WarbleApp CRD: One Manifest to Rule Them All

Kubernetes is powerful but verbose. Deploying a single ML service typically requires writing a Deployment, a Service, an Ingress, a cert-manager Certificate or annotation, and optionally a KServe InferenceService — five resources, hundreds of lines of YAML, and a maintainability burden that compounds with every new component you add.
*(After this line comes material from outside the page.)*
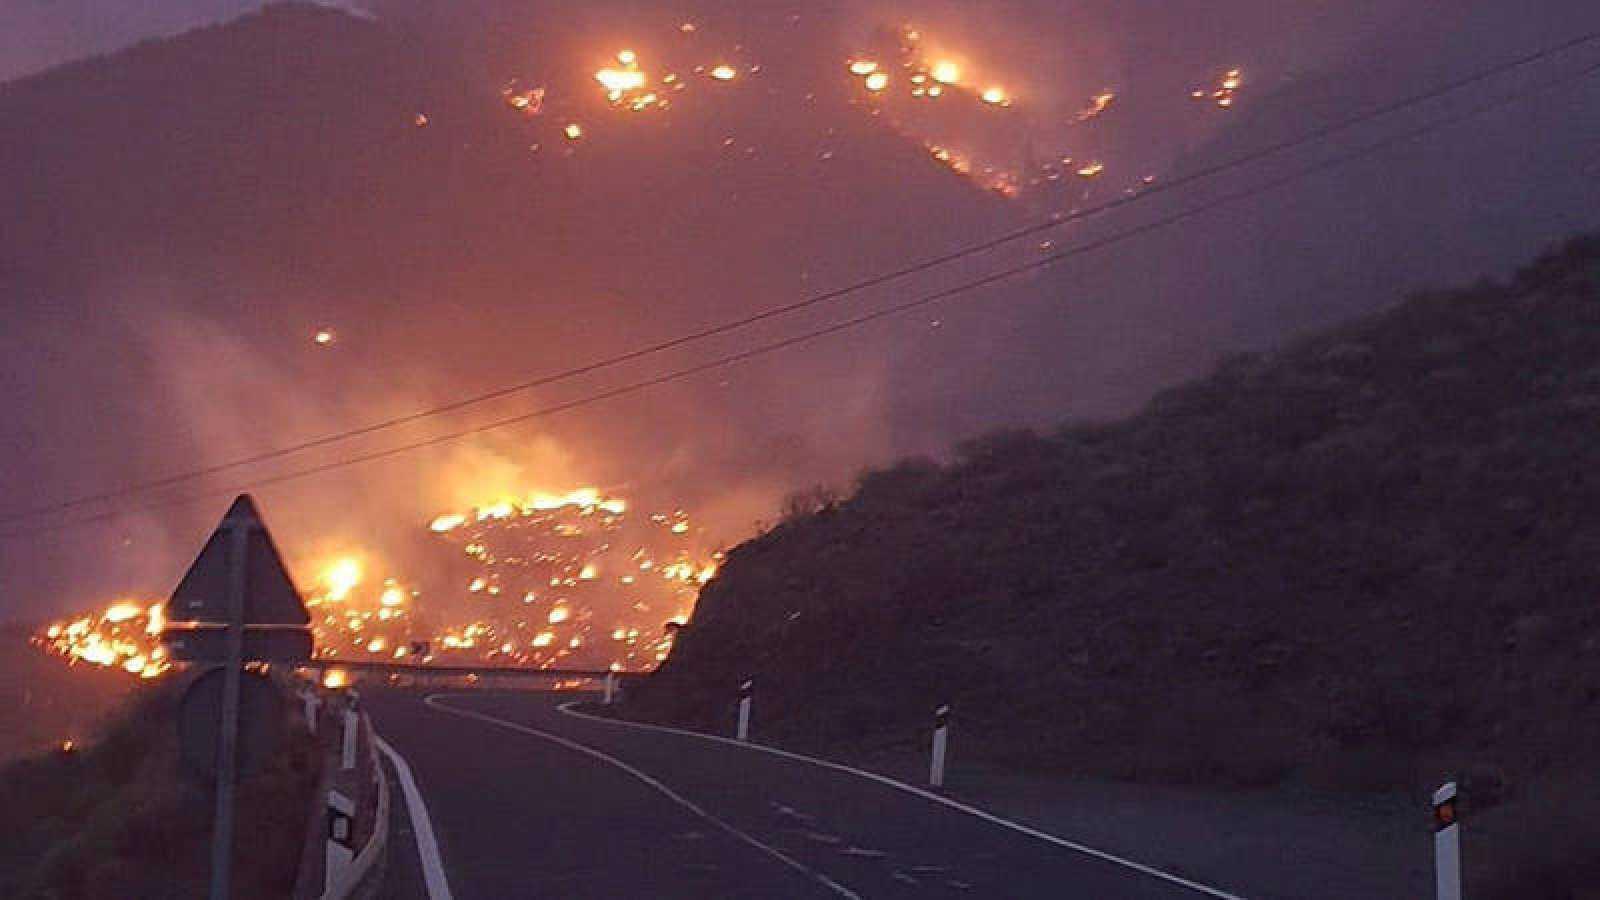 Un incendio en la localidad grancanaria de Tasarte obliga a desalojar un barrio y quema varias casas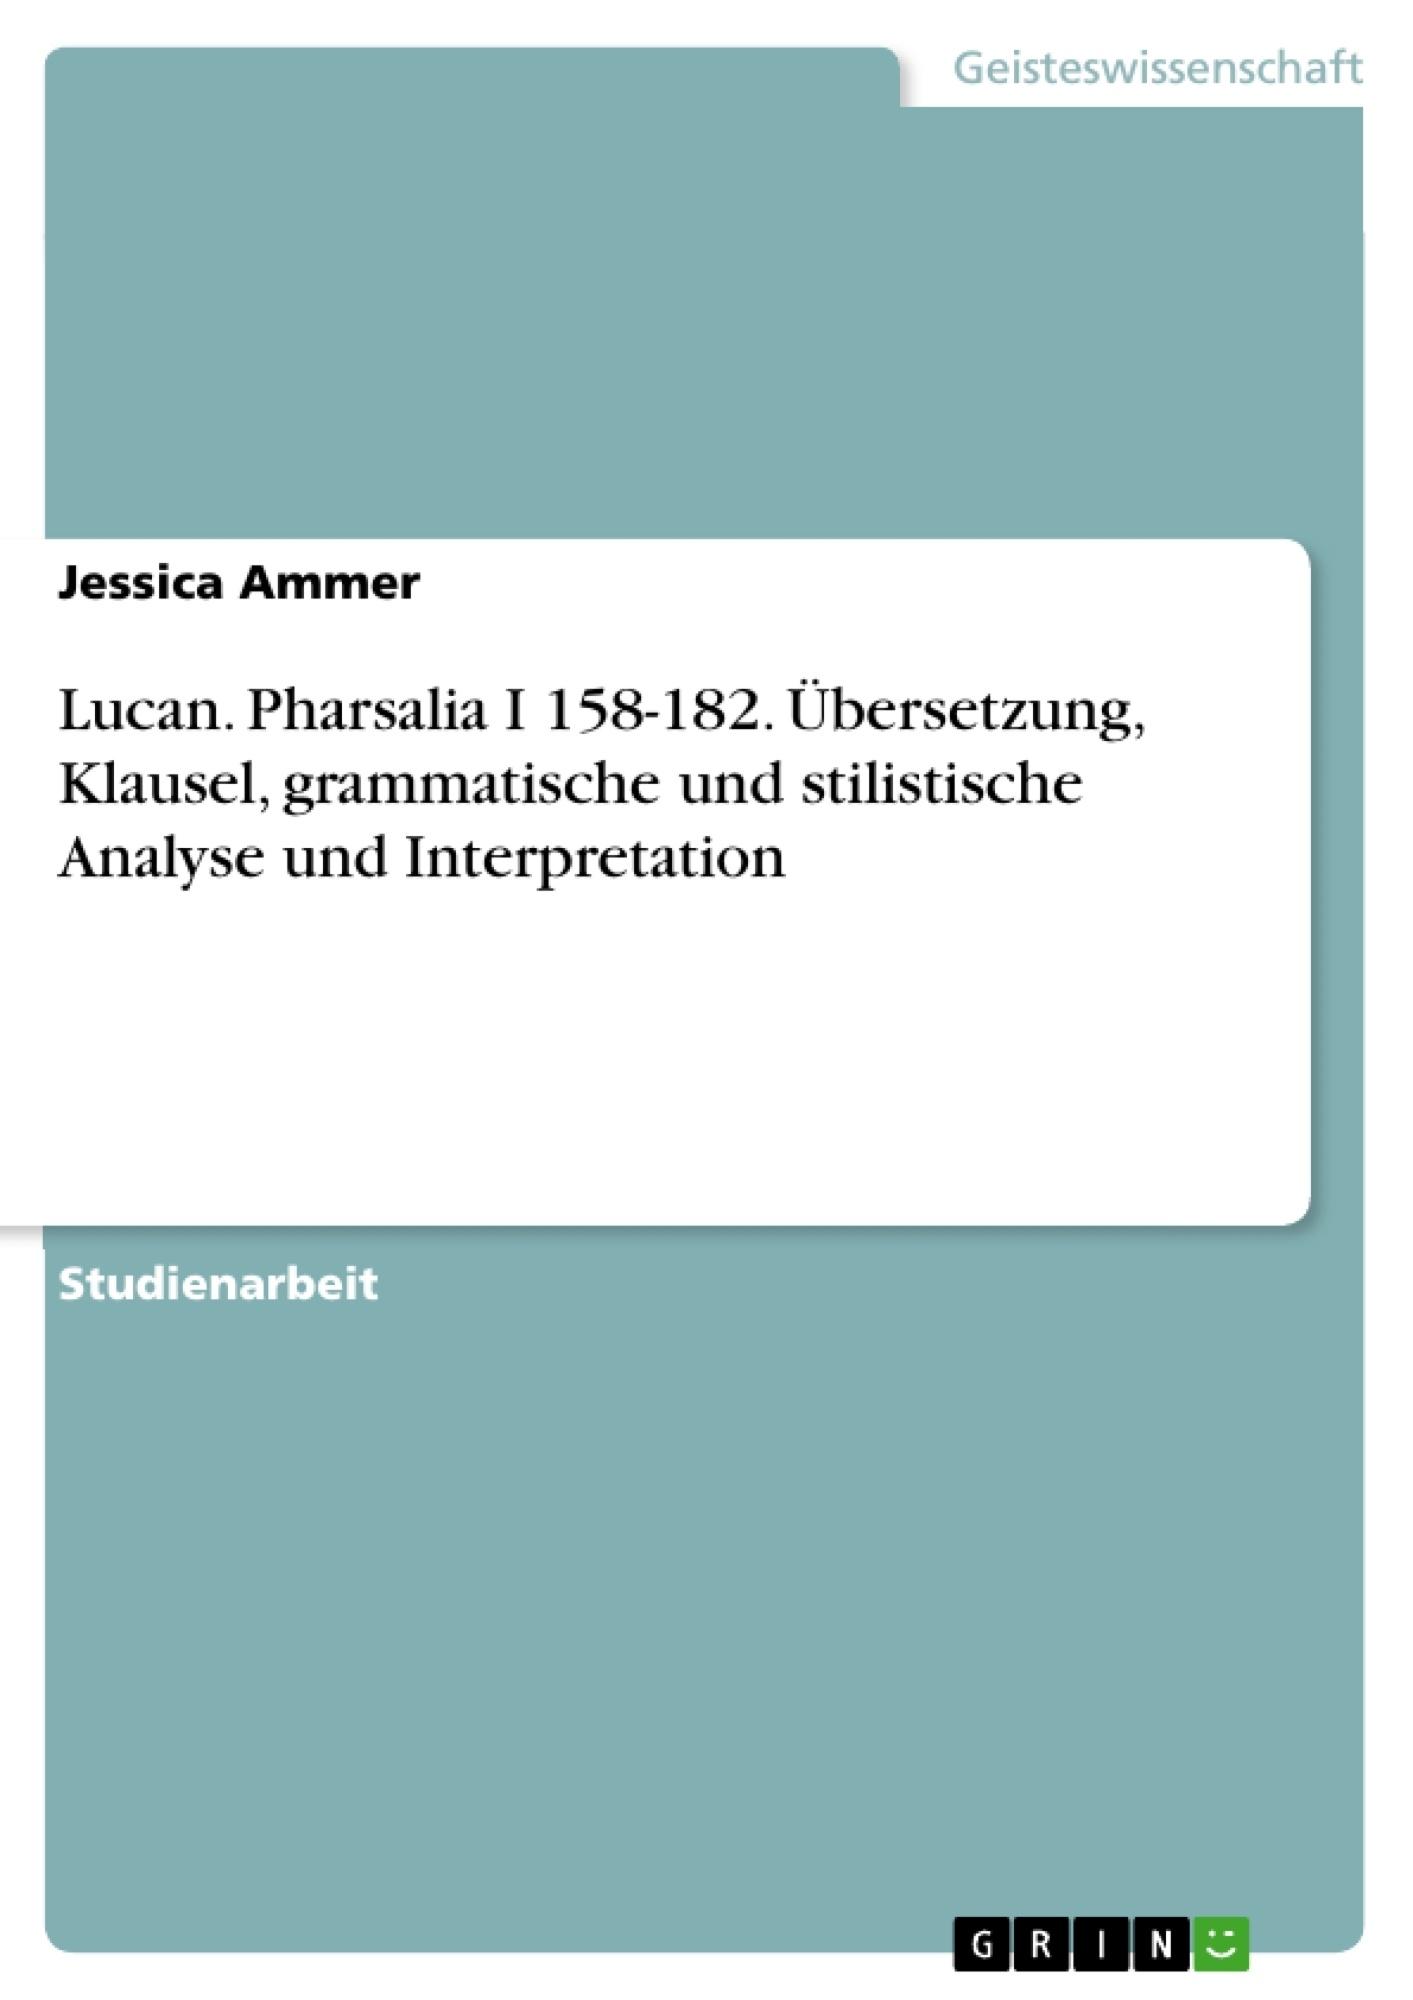 Titel: Lucan. Pharsalia I 158-182. Übersetzung, Klausel, grammatische und stilistische Analyse und Interpretation

The WarbleApp CRD collapses all of that into a single resource. This post walks through how the operator works, what it creates, and how to write your first manifest.

What a WarbleApp creates

Resource	Created when	Key fields set by operator
`Deployment`	Always	Image, replicas, containerPort, nodeSelector `warble.io/pool=workload`, env vars
`Service`	Always	ClusterIP, port + targetPort from `spec.port` (default 8080)
`Ingress`	`ingress.enabled: true`	nginx class, cert-manager letsencrypt-prod, TLS secret `<name>-tls`
`InferenceService`	`mlServing.enabled: true`	Model URI, runtime, GPU request, namespace `warble-models`

All four are owned by the WarbleApp. Delete the CR and all four are garbage-collected. Update the image tag and the Deployment rolls out automatically.

A minimal manifest

apiVersion: warble.io/v1alpha1
kind: WarbleApp
metadata:
  name: sentiment-api
  namespace: warble-system
spec:
  stack: api
  image: warbleoss.azurecr.io/sentiment-api:v1.2.0
  replicas: 2
  port: 8000          # FastAPI — not the default 8080
  resources:
    requests: {cpu: 250m, memory: 256Mi}
    limits:   {cpu: "1", memory: 512Mi}
  ingress:
    enabled: true
    host: sentiment.frakma.io
    tlsEnabled: true
  env:
    - name: MODEL_NAME
      value: sentiment-v2
    - name: DATABASE_URL
      valueFrom:
        secretKeyRef: {name: app-secrets, key: DATABASE_URL}

Apply it: kubectl apply -f sentiment-api.yaml. Within seconds, the operator has created all four owned resources and the status reflects the Deployment's rollout progress.

Checking status

kubectl get wapp -n warble-system

NAME              STACK   REPLICAS   PHASE     AGE
sentiment-api     api     2          Running   2m

kubectl describe wapp sentiment-api -n warble-system
# Events show each reconcile step and any errors

Adding KServe model serving

For components that both serve an API and expose a model endpoint, add the mlServing block. The operator creates a KServe InferenceService alongside the Deployment:

spec:
  # ... existing fields ...
  mlServing:
    enabled: true
    modelUri: "azureblob://warbleosstate/mlflow-artifacts/sentiment/v2"
    runtime: mlserver      # triton | mlserver | torchserve | ollama
    gpuEnabled: false

The InferenceService is created in the warble-models namespace with the model URI from MLflow's artifact store. KServe handles autoscaling, canary traffic splitting, and health-checking the model runtime independently of the application Deployment.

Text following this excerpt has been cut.